══ EXERCISE DATA ══

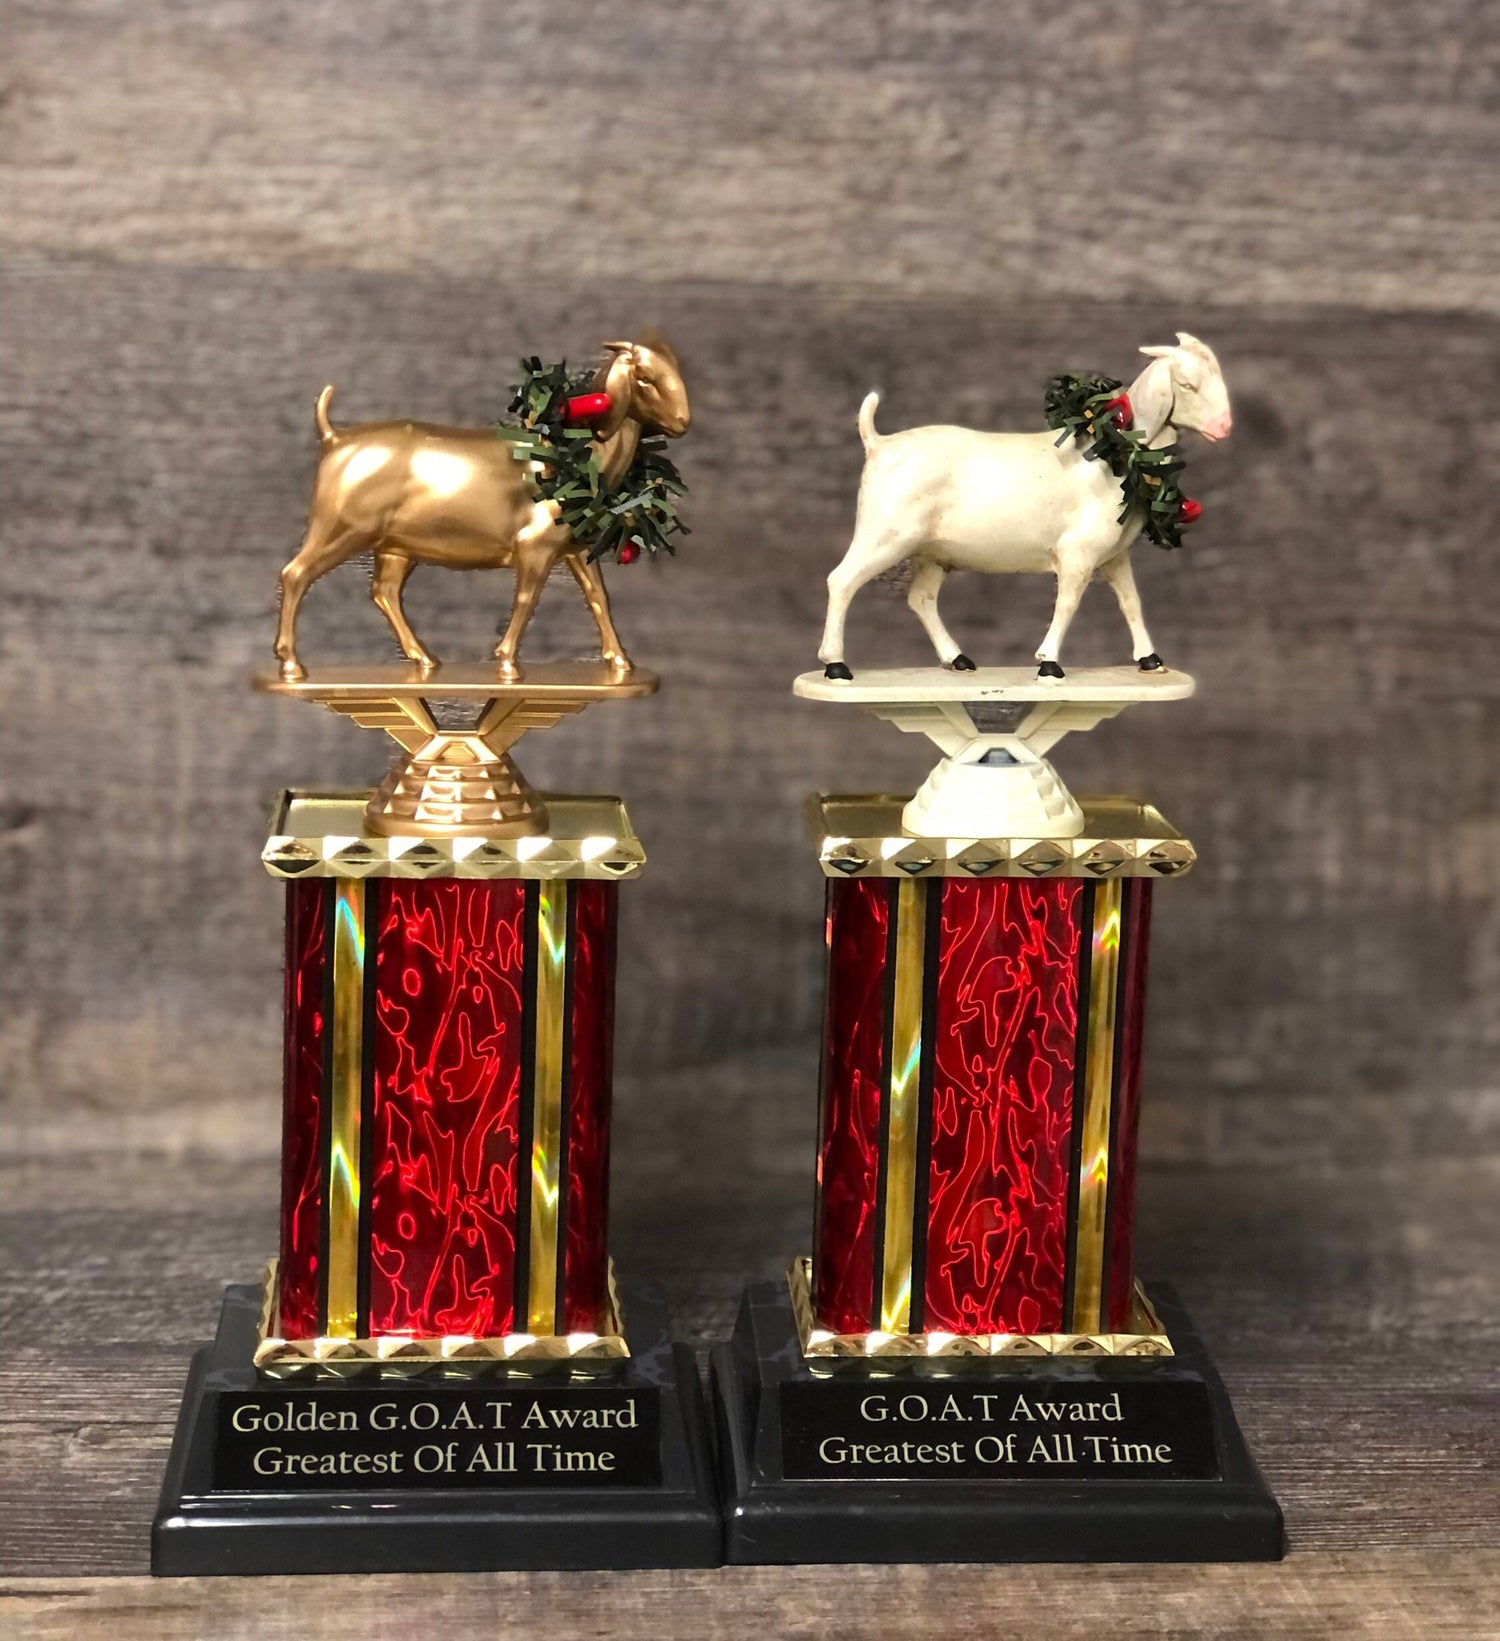 GOLDEN GOAT Trophy Greatest of All Time Corporate Award Trophy Employee Of The Month Top Sales Motivational Achievement Award Personalized
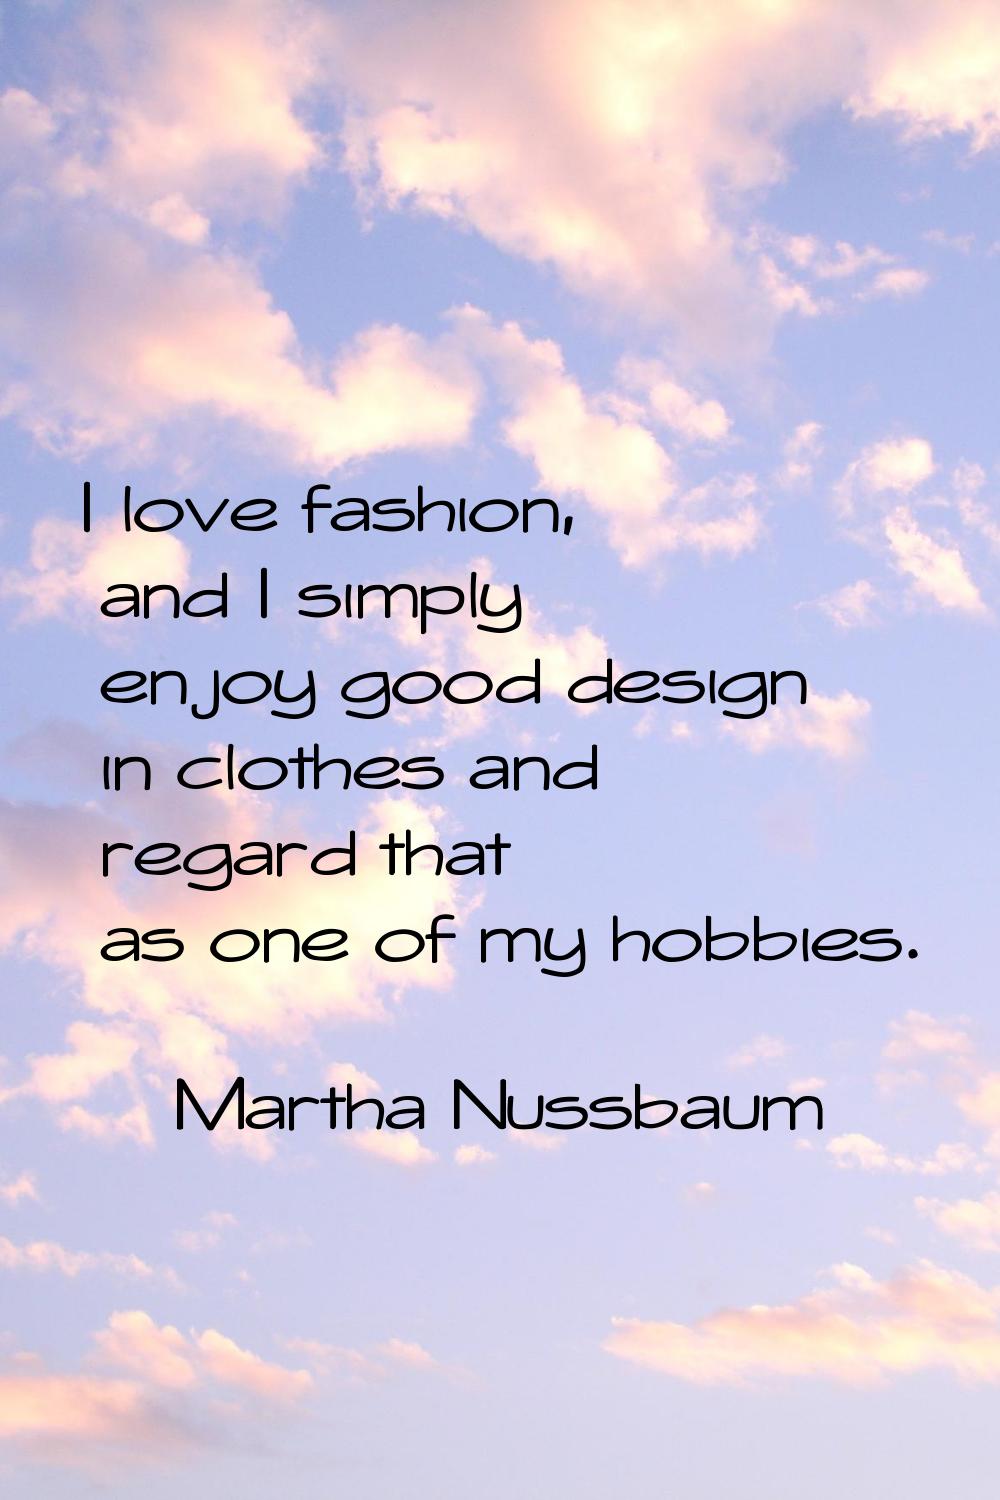 I love fashion, and I simply enjoy good design in clothes and regard that as one of my hobbies.
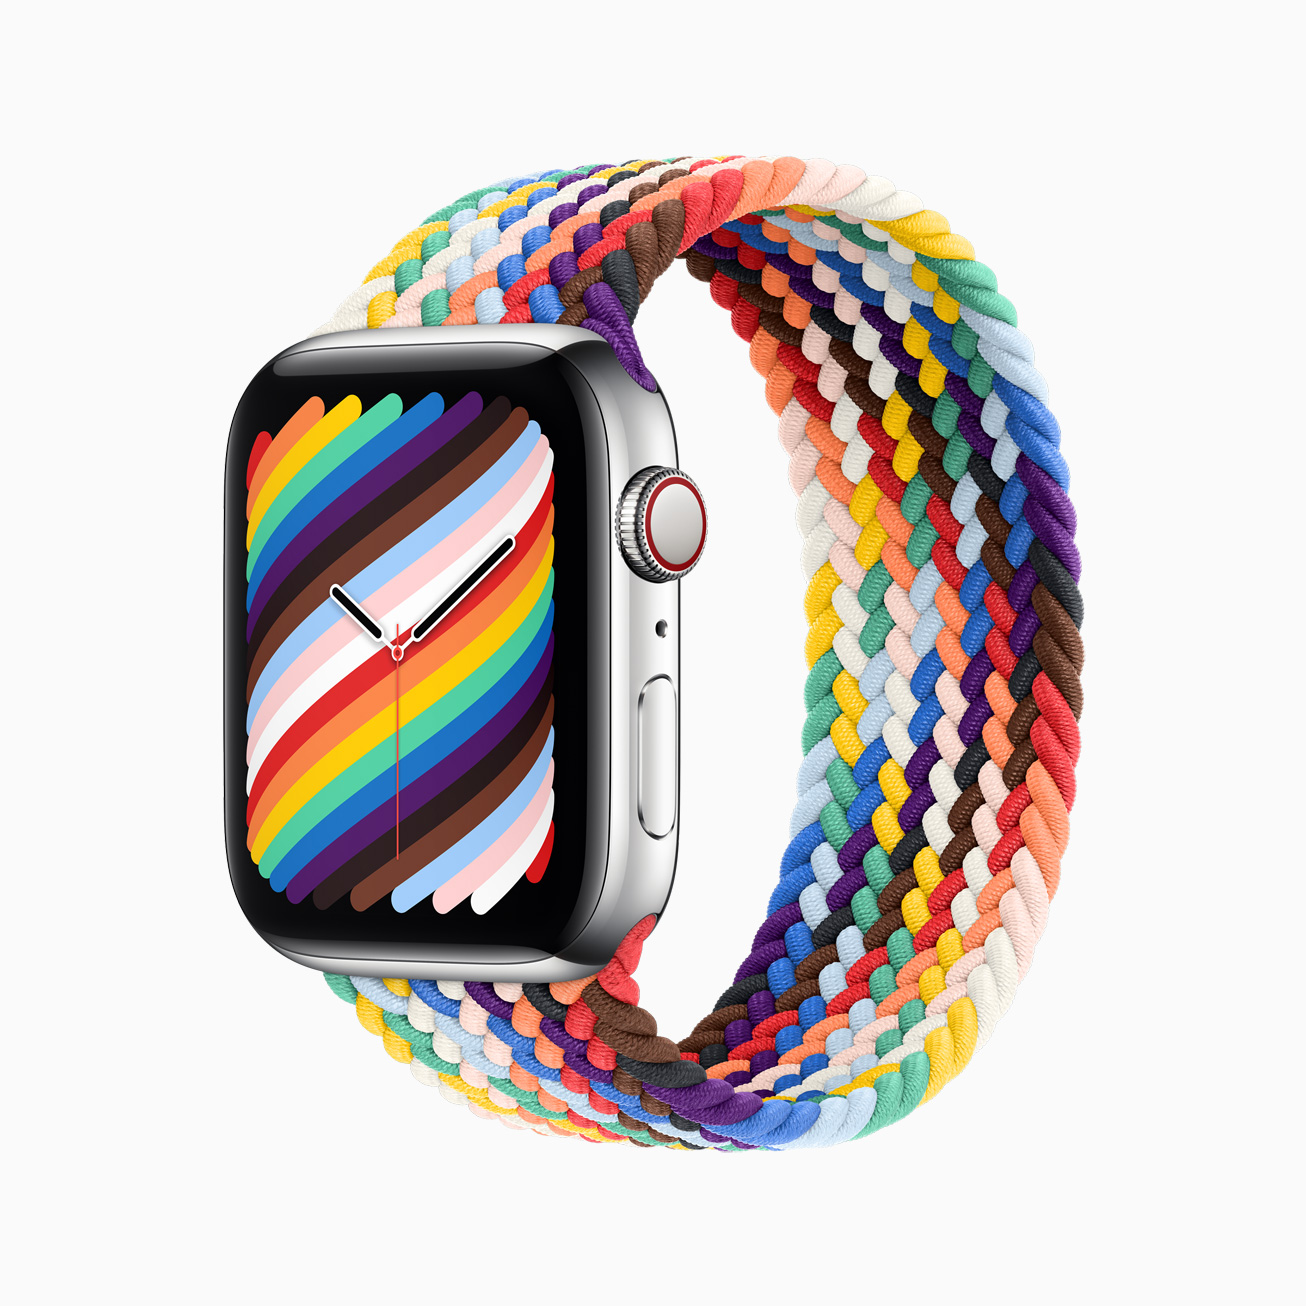 Apple Watch Pride Edition bands celebrate the diverse LGBTQ+ movement
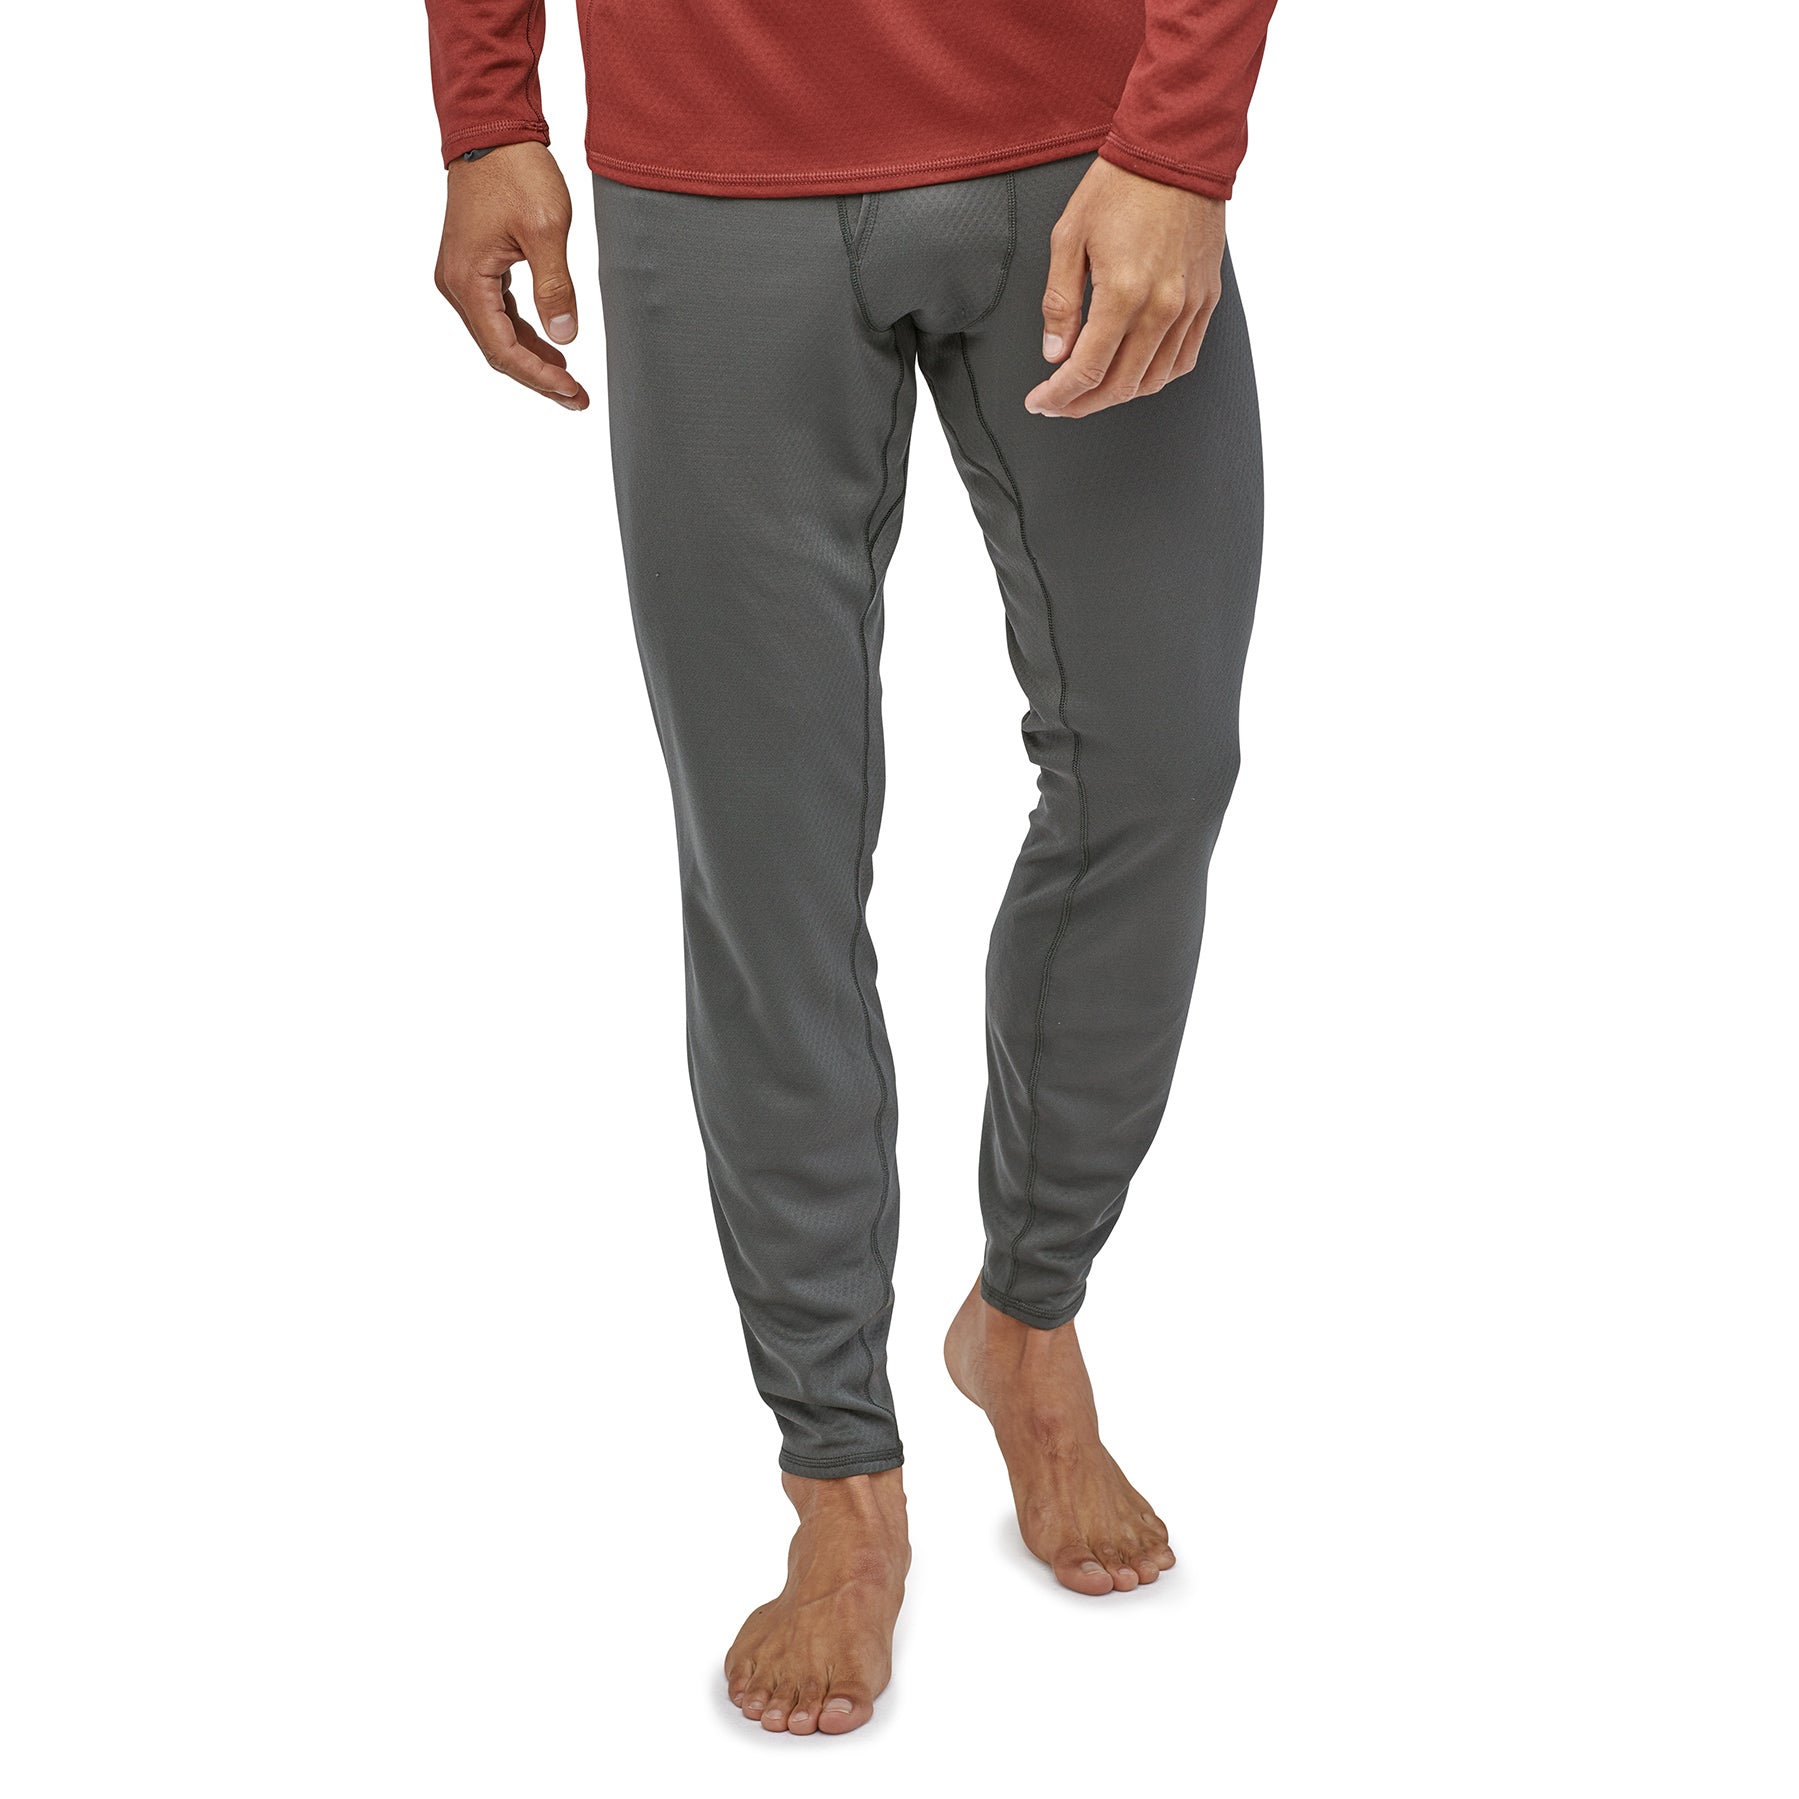 patagonia men's capilene midweight bottoms in forge grey on model

═══

* EXERCISE DESCRIPTION
Output everything in the material exactly. Pictures stay out of it.

* EXPECTED ANSWER
 GOLDEN GOAT Trophy Greatest of All Time Corporate Award Trophy Employee Of The Month Top Sales Motivational Achievement Award Personalized
 I love fashion, and I simply enjoy good design in clothes and regard that as one of my hobbies.
 Apple Watch Pride Edition bands celebrate the diverse LGBTQ+ movement
 patagonia men's capilene midweight bottoms in forge grey on model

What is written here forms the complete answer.